» Work to be completed
Nothing but the lines from the one containing "NIKE Academy 19 Dri FIT T Shirt Kinder (010)" to the end of the data should be copied, exactly, and the pictures stay out.

Dataset extract below:

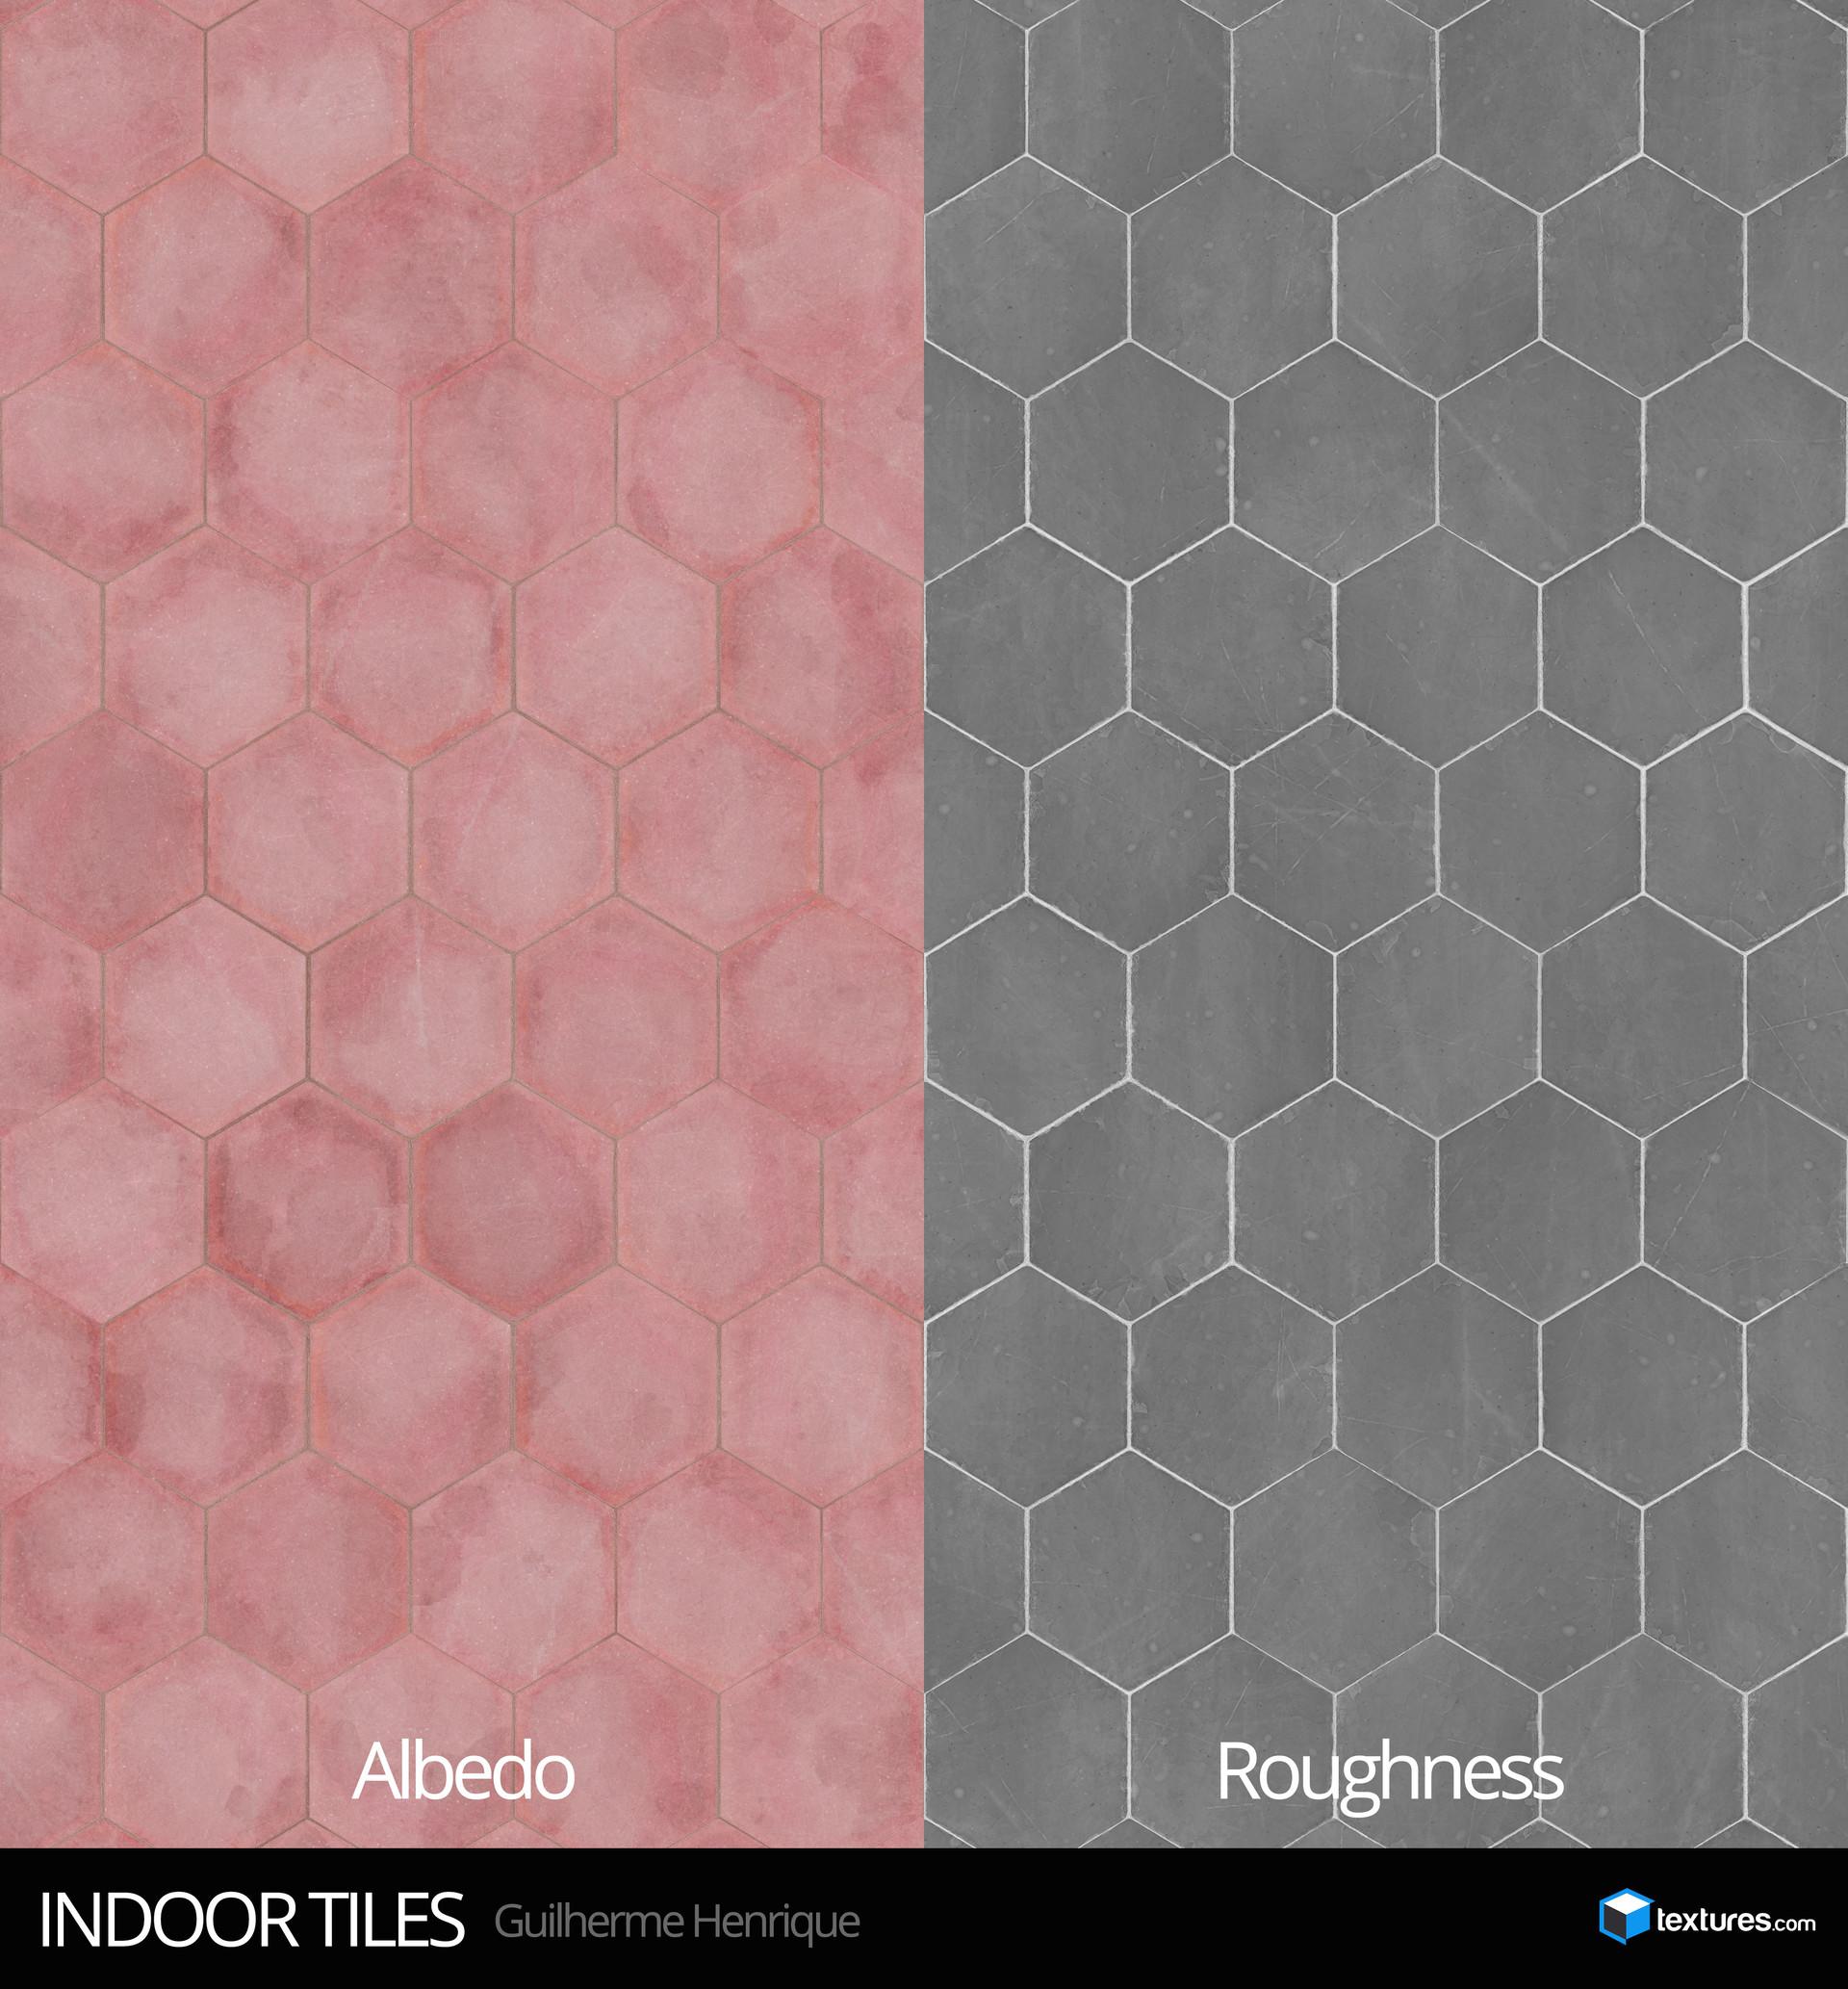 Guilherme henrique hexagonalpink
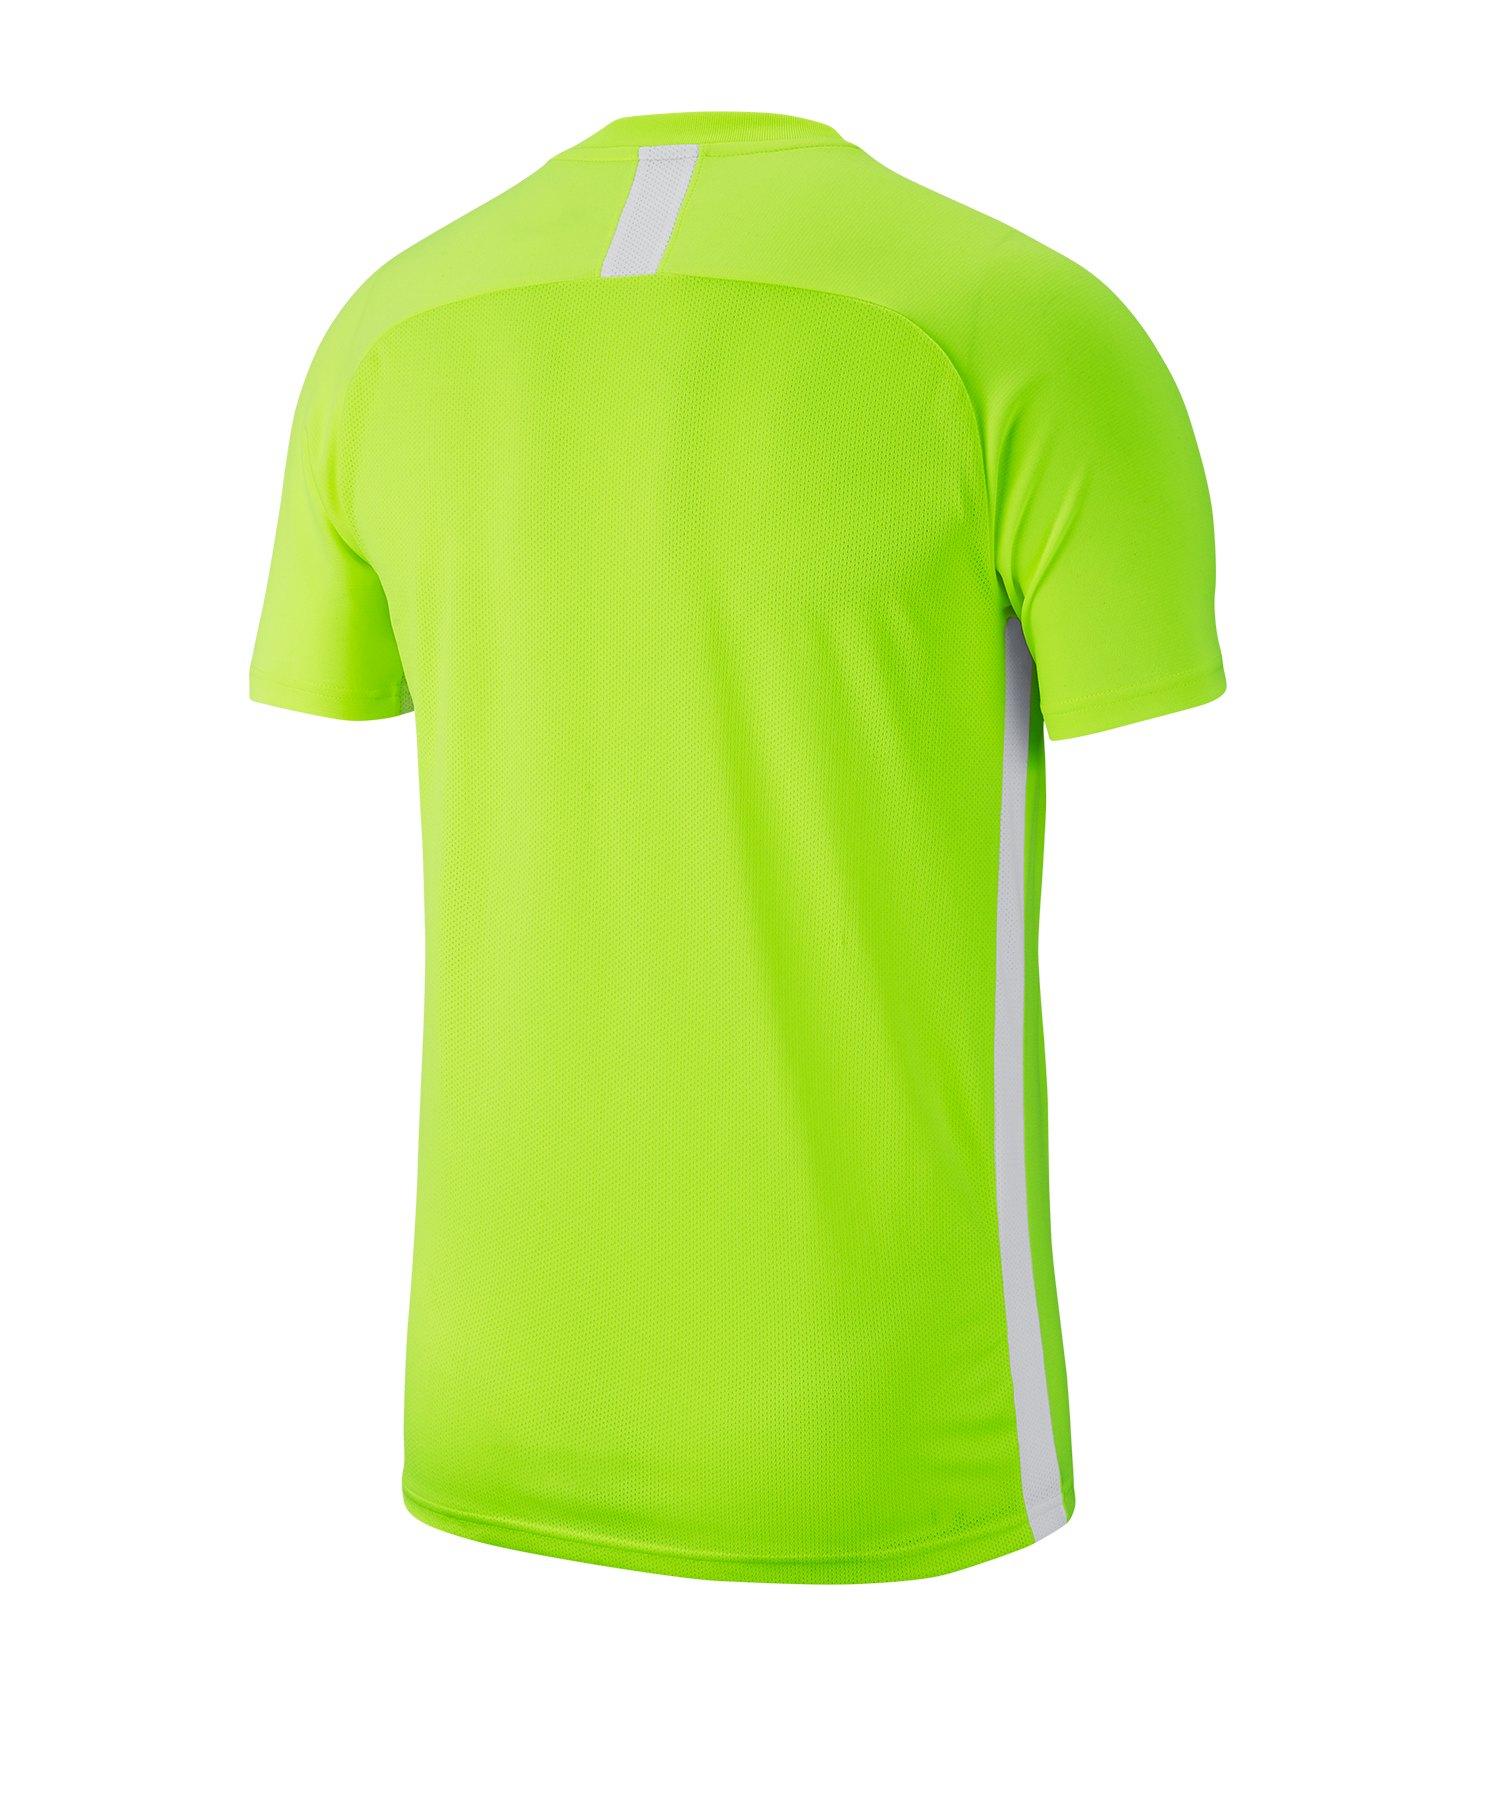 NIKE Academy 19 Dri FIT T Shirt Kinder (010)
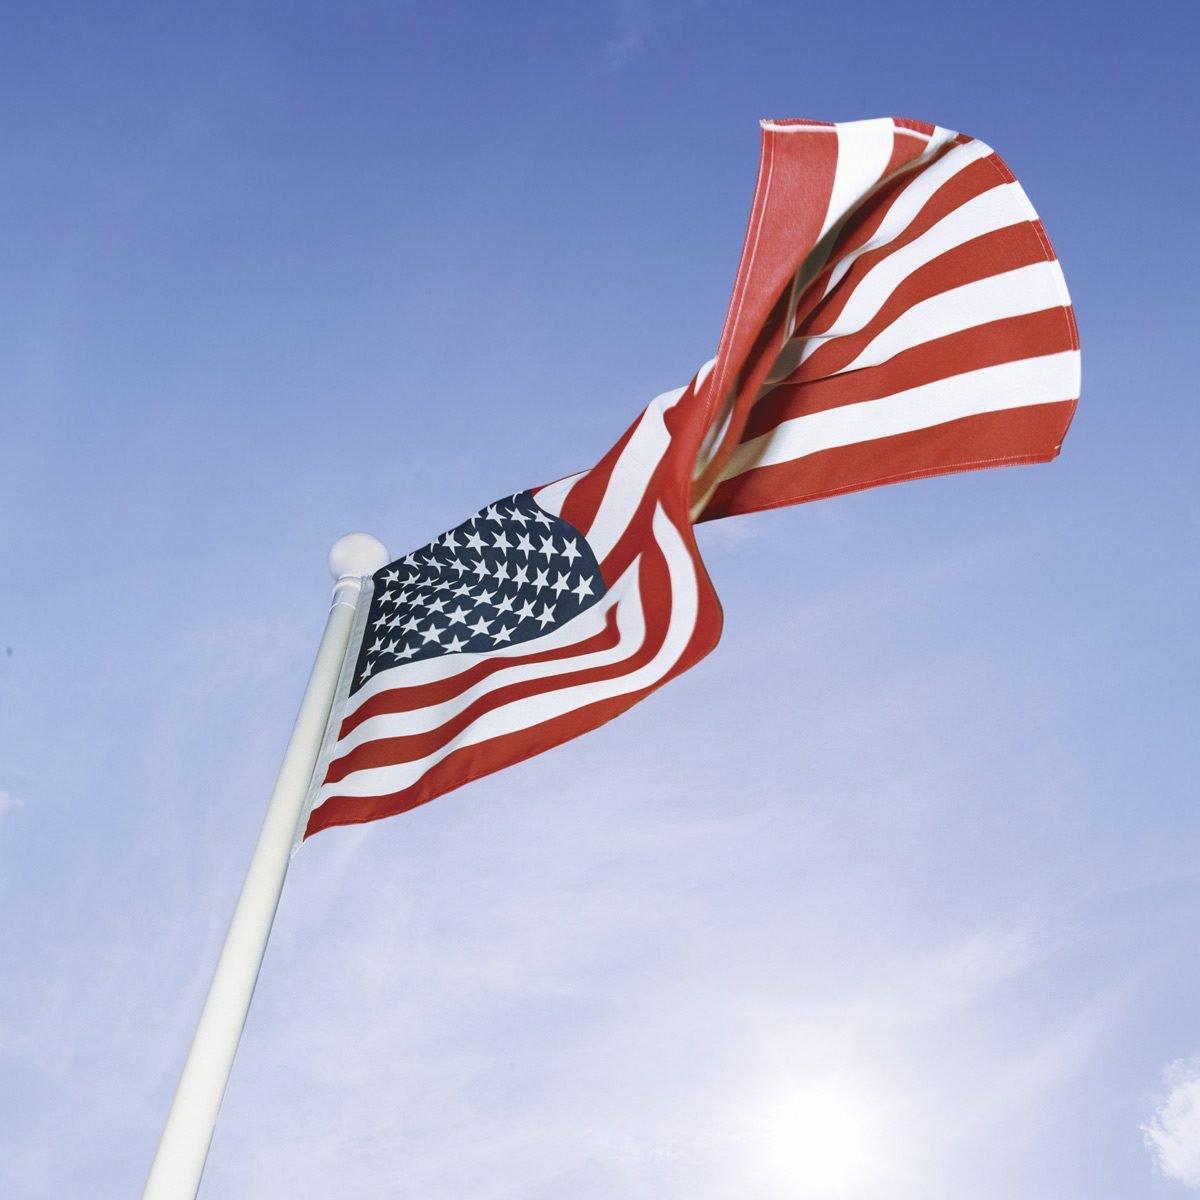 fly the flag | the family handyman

End of Dataset extract.

» Your solution
 NIKE Academy 19 Dri FIT T Shirt Kinder (010)
 fly the flag | the family handyman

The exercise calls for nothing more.